** About this task **
Would you reproduce the whole listing exactly, dropping any pictures it holds?
----- Data below -----
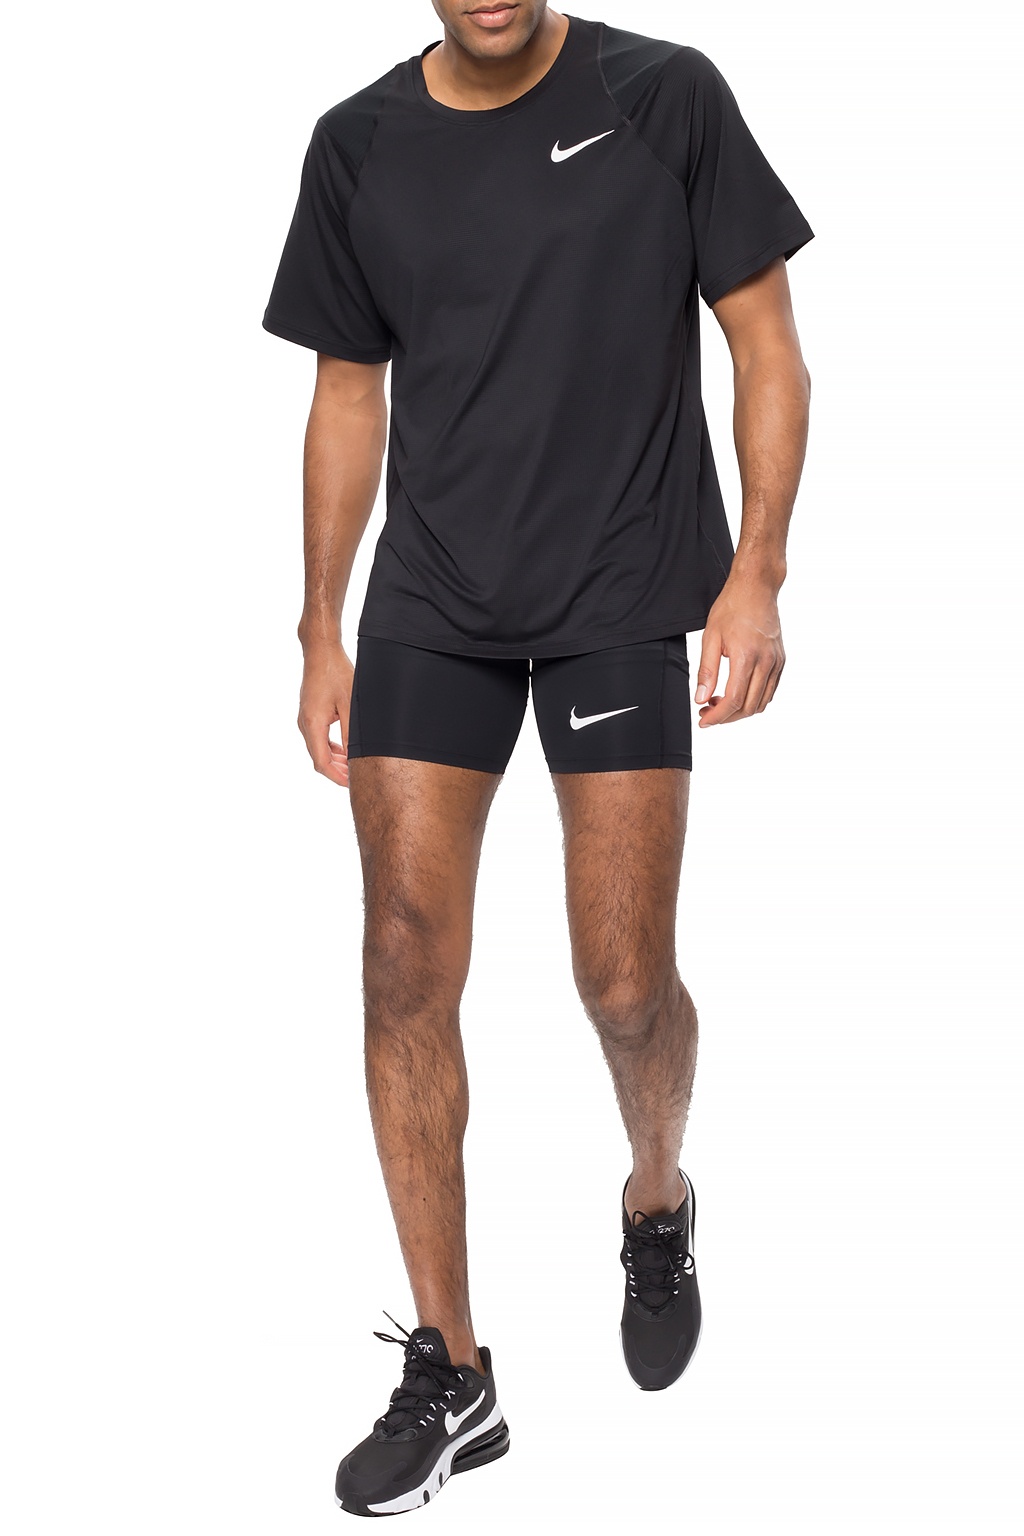 Black Short training leggings Nike - Vitkac Canada
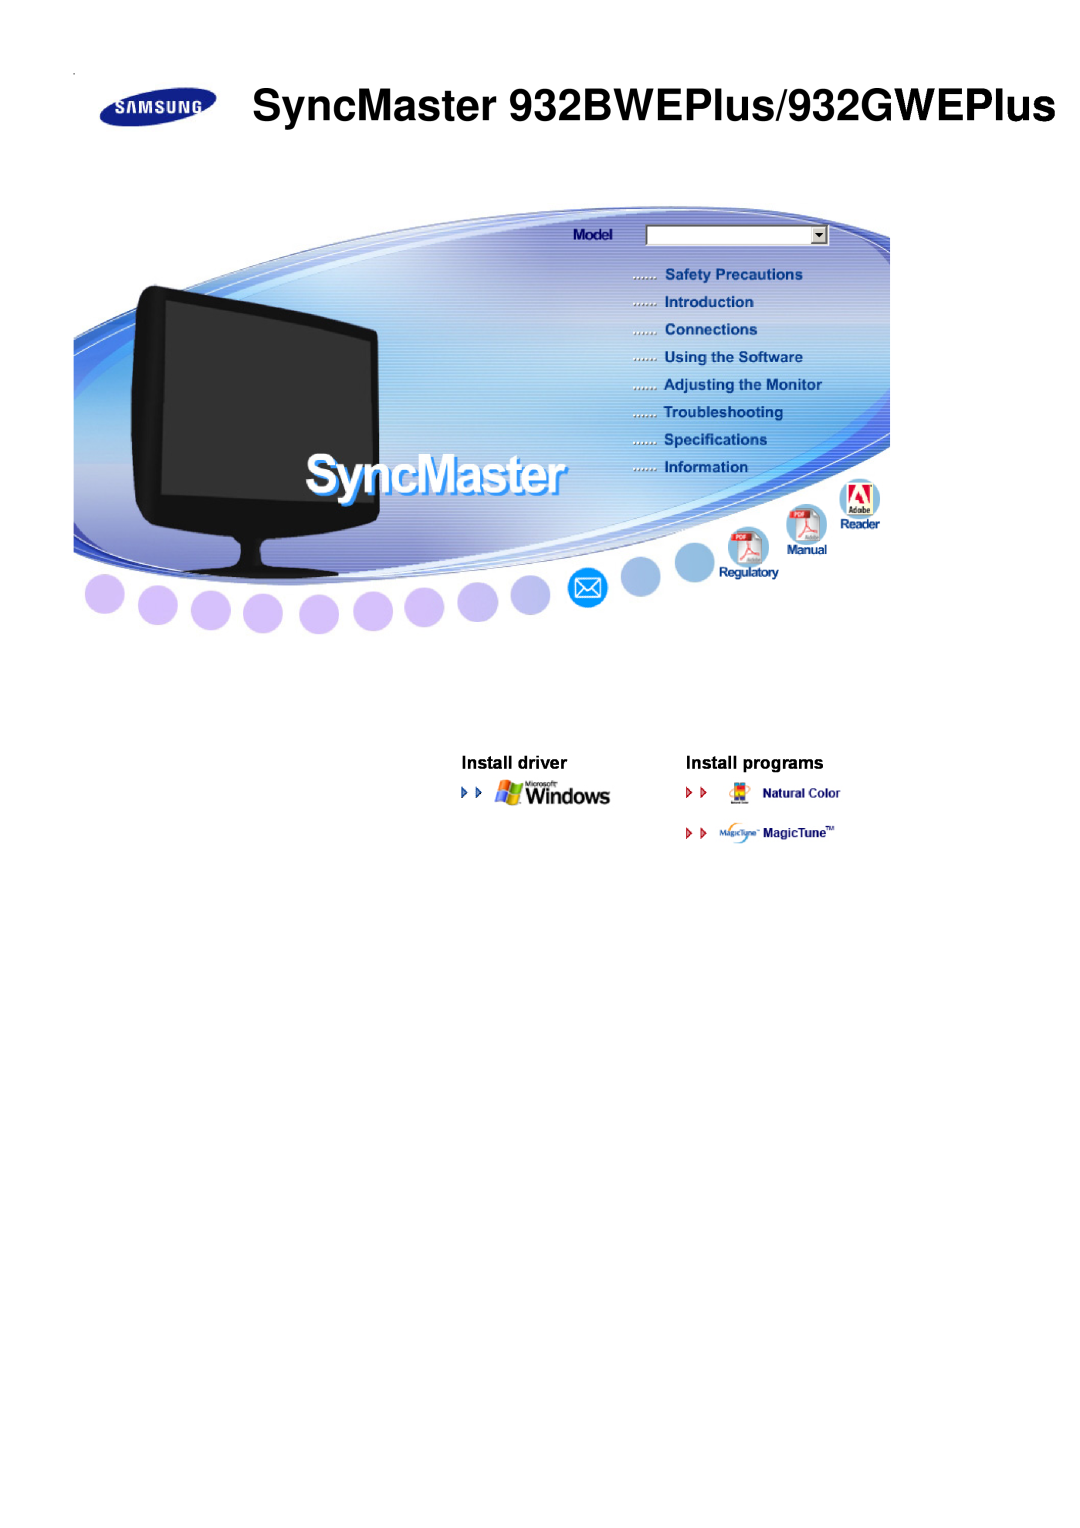 Samsung manual Install driver, Install programs, SyncMaster 932BWEPlus/932GWEPlus 
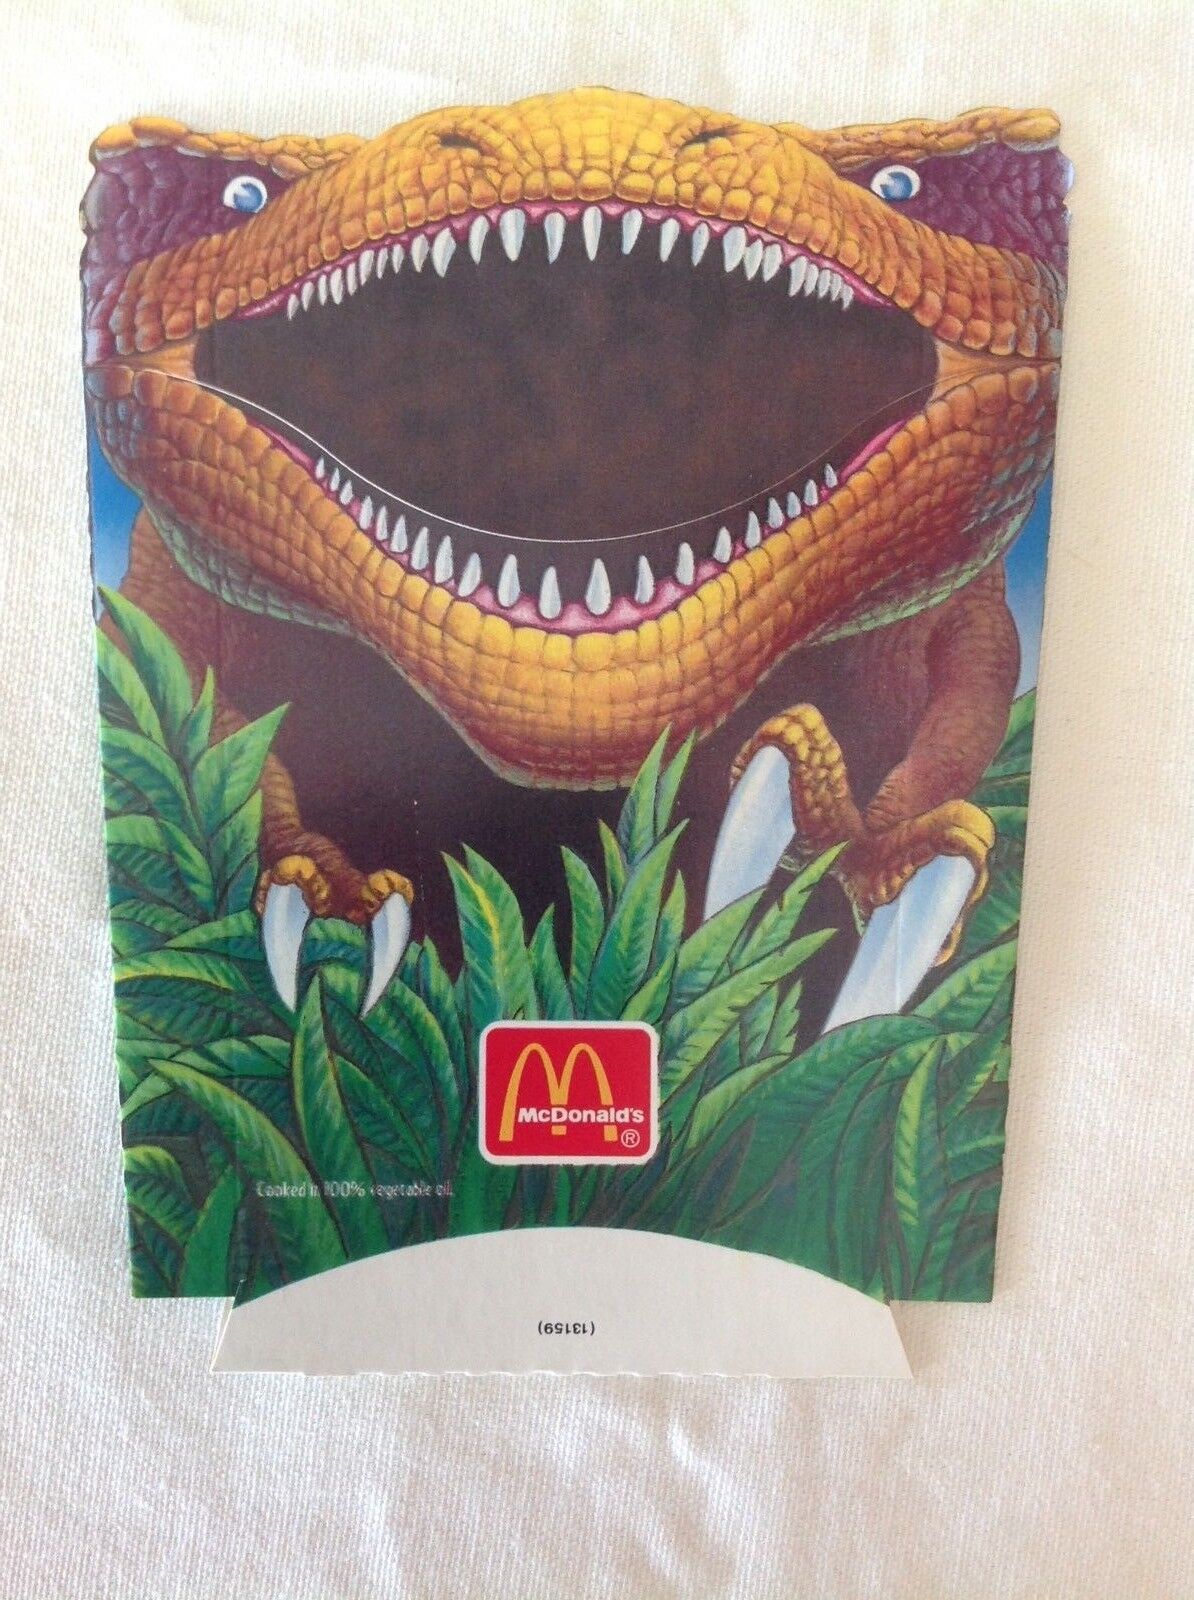 MINT CONDITION, McDonald's Jurassic Park, The Visitors Center, Fry Box - NEW!! McDonald's - фотография #2
-----
** Task result **
 Black Short training leggings Nike - Vitkac Canada
 Samsung manual Install driver, Install programs, SyncMaster 932BWEPlus/932GWEPlus 
 MINT CONDITION, McDonald's Jurassic Park, The Visitors Center, Fry Box - NEW!! McDonald's - фотография #2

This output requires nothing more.